In [1]:
import os
import boto3
import pandas as pd
from botocore.exceptions import NoCredentialsError

# MinIO Configuration
minio_endpoint = 'http://localhost:9000'
minio_access_key = 'minioadmin'
minio_secret_key = 'minioadmin'
raw_bucket = 'raw'
processed_bucket = 'processed'

# Temporary Local Folder for Processing
temp_folder = "C:/TempChinook/"
os.makedirs(temp_folder, exist_ok=True)

# Connect to MinIO
s3_client = boto3.client(
    's3',
    endpoint_url=minio_endpoint,
    aws_access_key_id=minio_access_key,
    aws_secret_access_key=minio_secret_key
)

# Function to List All Files in the Raw Zone
def list_raw_files():
    try:
        print("Listing files in the Raw Zone...")
        response = s3_client.list_objects_v2(Bucket=raw_bucket)
        if 'Contents' in response:
            files = [file['Key'] for file in response['Contents']]
            print(f"Found raw files: {files}")
            return files
        else:
            print("No files found in the Raw Zone.")
            return []
    except Exception as e:
        print(f"Error listing raw files: {e}")
        return []

# Function to Process Raw Data
def process_raw_data():
    try:
        raw_files = list_raw_files()
        if not raw_files:
            print("No raw files to process. Exiting.")
            return

        for raw_file in raw_files:
            print(f"Starting processing for {raw_file}...")
            try:
                # Download raw file from MinIO
                local_raw_file = os.path.join(temp_folder, os.path.basename(raw_file))
                print(f"Downloading {raw_file} from MinIO...")
                s3_client.download_file(raw_bucket, raw_file, local_raw_file)

                # Load raw data into Pandas
                print(f"Processing file: {raw_file}")
                raw_data = pd.read_csv(local_raw_file)

                # Apply light transformations
                processed_data = raw_data.apply(
                    lambda col: col.fillna('').astype(str) if col.dtype == 'object' else col.fillna(0)
                )

                # Save processed data to Parquet format
                local_processed_file = os.path.join(temp_folder, f"{os.path.splitext(raw_file)[0]}_cleaned.parquet")
                processed_data.to_parquet(local_processed_file, index=False)
                print(f"Saved processed data to: {local_processed_file}")

                # Upload processed file to MinIO Processed Zone
                processed_file_key = f"{os.path.splitext(raw_file)[0]}_cleaned.parquet"
                if os.path.exists(local_processed_file):
                    print(f"Uploading {processed_file_key} to MinIO Processed Zone...")
                    s3_client.upload_file(local_processed_file, processed_bucket, processed_file_key)
                    print(f"Uploaded processed file to MinIO: {processed_bucket}/{processed_file_key}")
                else:
                    print(f"Processed file {local_processed_file} not found. Skipping upload.")
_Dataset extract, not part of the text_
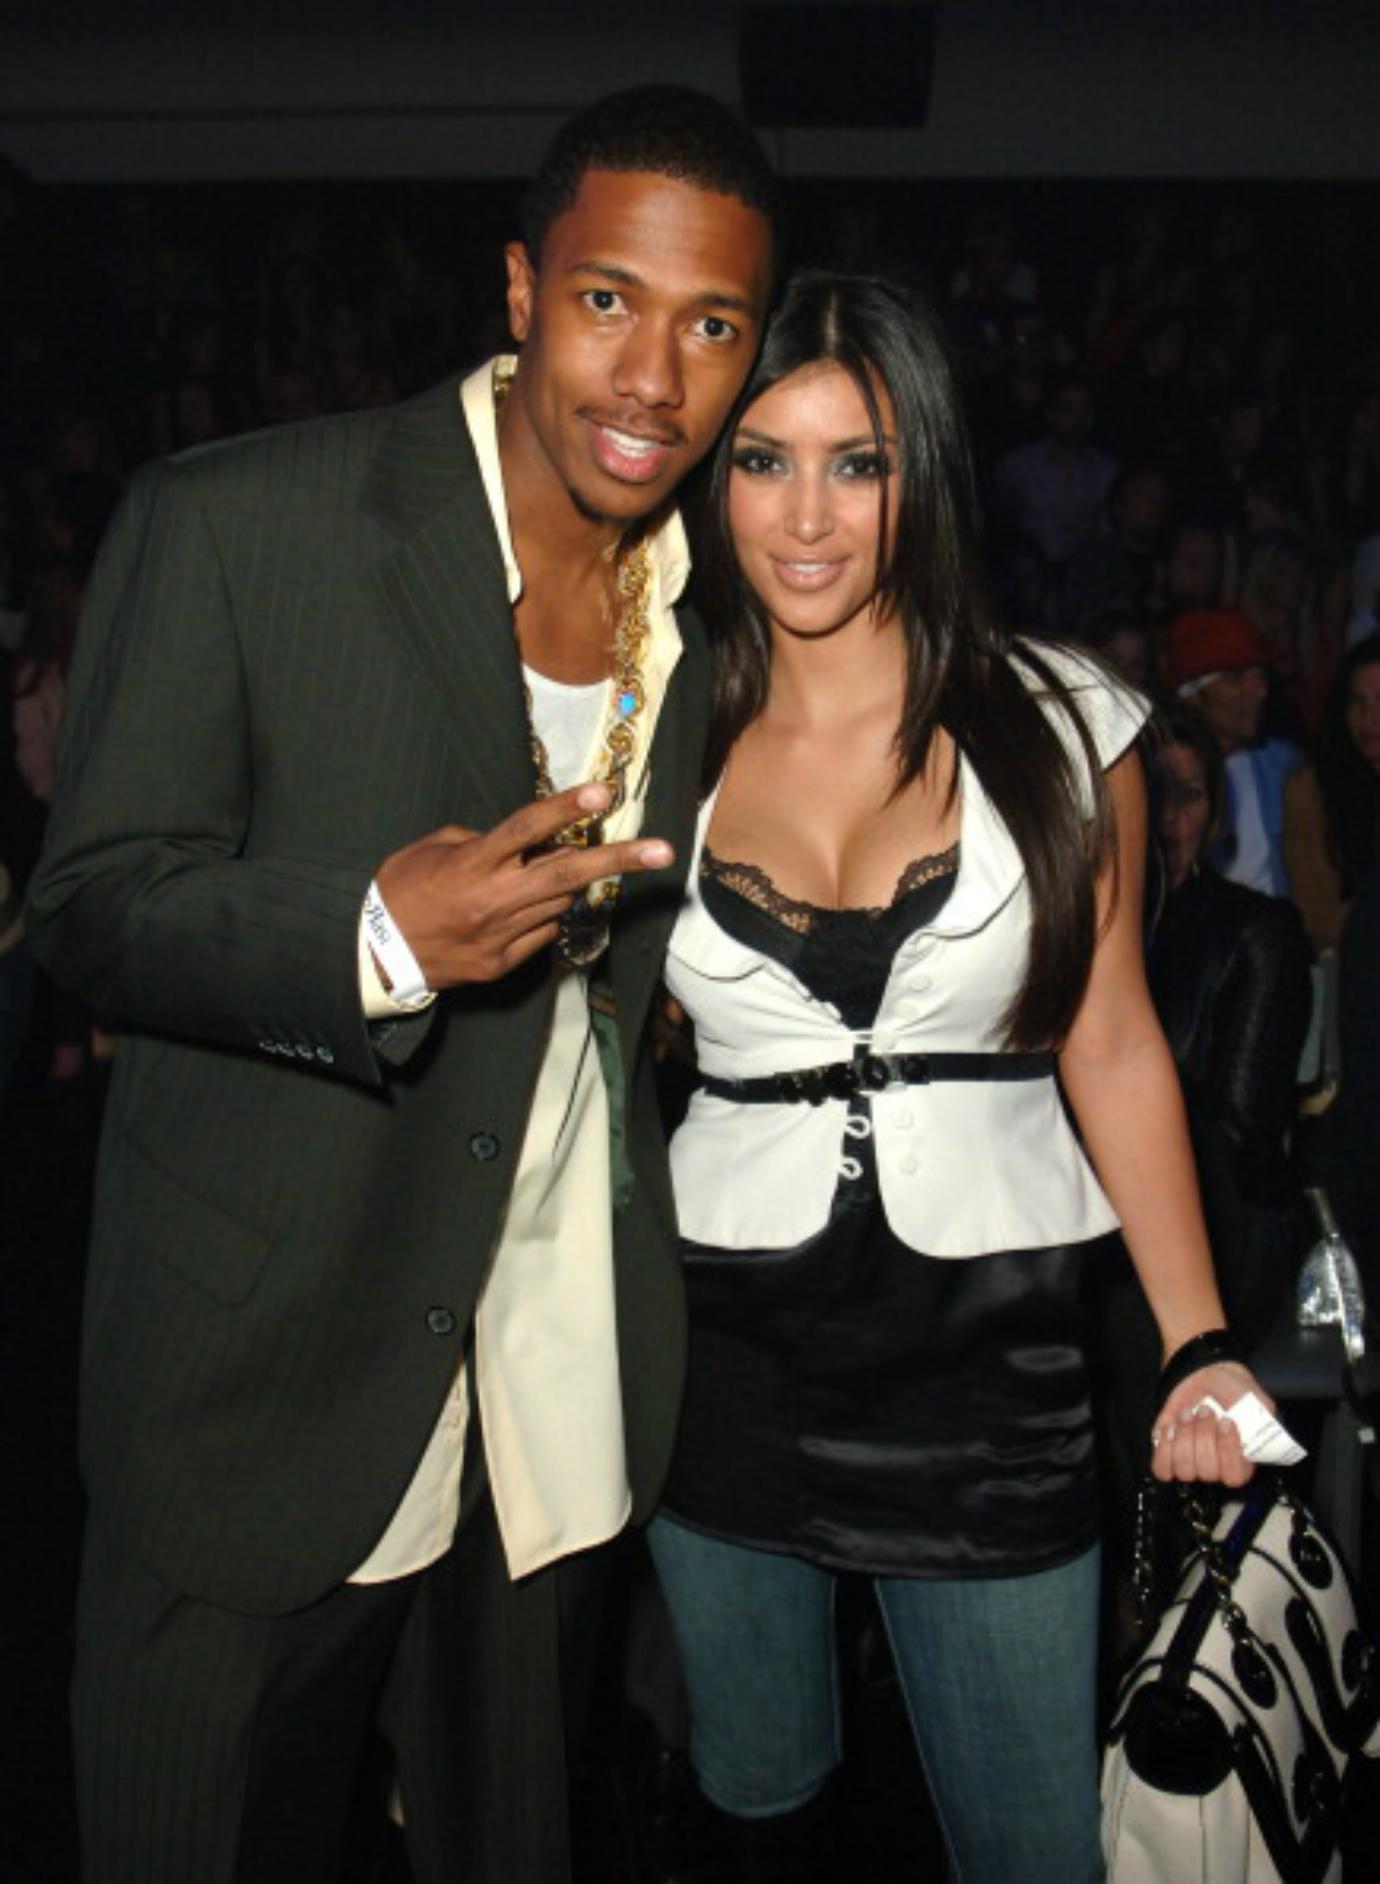 Kim Kardashian and Reggie Bush's Breakup Timeline

            except Exception as e:
                print(f"Error processing {raw_file}: {e}")

        print("All raw files processed and uploaded to the Processed Zone.")

    except NoCredentialsError:
        print("Error: MinIO credentials are invalid.")
    except Exception as e:
        print(f"Error during processing: {e}")

# Main Workflow
if __name__ == "__main__":
    print("Starting processing of Raw Zone data from MinIO...")
    process_raw_data()
    print("Processing completed successfully!")


Starting processing of Raw Zone data from MinIO...
Listing files in the Raw Zone...
Found raw files: ['Album.csv', 'Artist.csv', 'Customer.csv', 'Employee.csv', 'Genre.csv', 'Invoice.csv', 'InvoiceLine.csv', 'MediaType.csv', 'Playlist.csv', 'PlaylistTrack.csv', 'Track.csv', 'sysdiagrams.csv']
Starting processing for Album.csv...
Downloading Album.csv from MinIO...
Processing file: Album.csv
Saved processed data to: C:/TempChinook/Album_cleaned.parquet
Uploading Album_cleaned.parquet to MinIO Processed Zone...
Uploaded processed file to MinIO: processed/Album_cleaned.parquet
Starting processing for Artist.csv...
Downloading Artist.csv from MinIO...
Processing file: Artist.csv
Saved processed data to: C:/TempChinook/Artist_cleaned.parquet
Uploading Artist_cleaned.parquet to MinIO Processed Zone...
Uploaded processed file to MinIO: processed/Artist_cleaned.parquet
Starting processing for Customer.csv...
Downloading Customer.csv from MinIO...
Processing file: Customer.csv
Saved processed d